Она вся пылала, на глаза ее навернулись слезы: все потупились, Расторопенко делал ей знаки, которых она не видела и не хотела видеть.
— Там детям тяжело, — опять заговорил Илья, — школы нет, ученья нет настоящего. Вот переедете — мачеха моя хочет передвижную школу начать, а сейчас плохо — хоть коров паси.

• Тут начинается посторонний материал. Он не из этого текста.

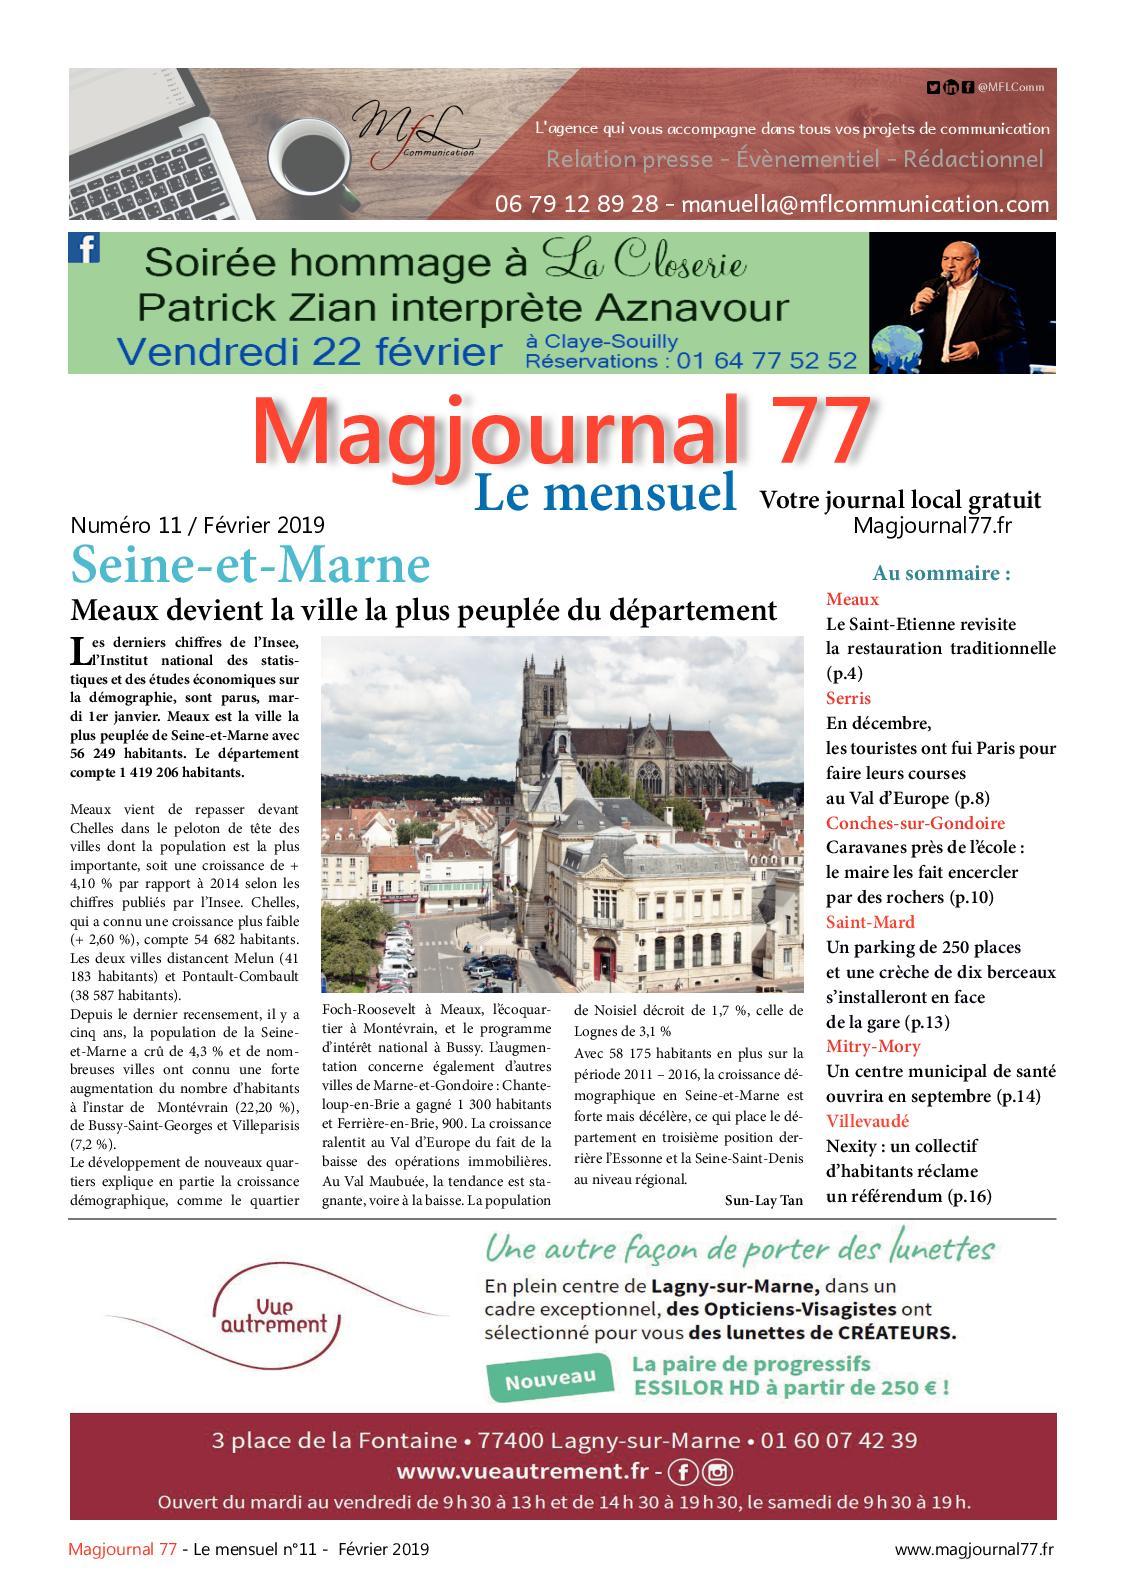 93e79b04600c Calaméo - Magjournal 77 - Le Mensuel N° 11 - Février 2019

Человек, бородатый и бледный, выступил из последних рядов. В комнате становилось трудно дышать от людей, постепенно ставших вокруг Ильи и господина Расторопенко.
— А тут, дорогой, что им, деткам нашим, предстоит, знаете? — спросил бородатый, и губы его дрожали. — Учить их тут не на что: каждая копейка алтыном прибита. Коров паси — эко сказали! Тут помирать им на улице, туберкулез тут. Помилуй Бог!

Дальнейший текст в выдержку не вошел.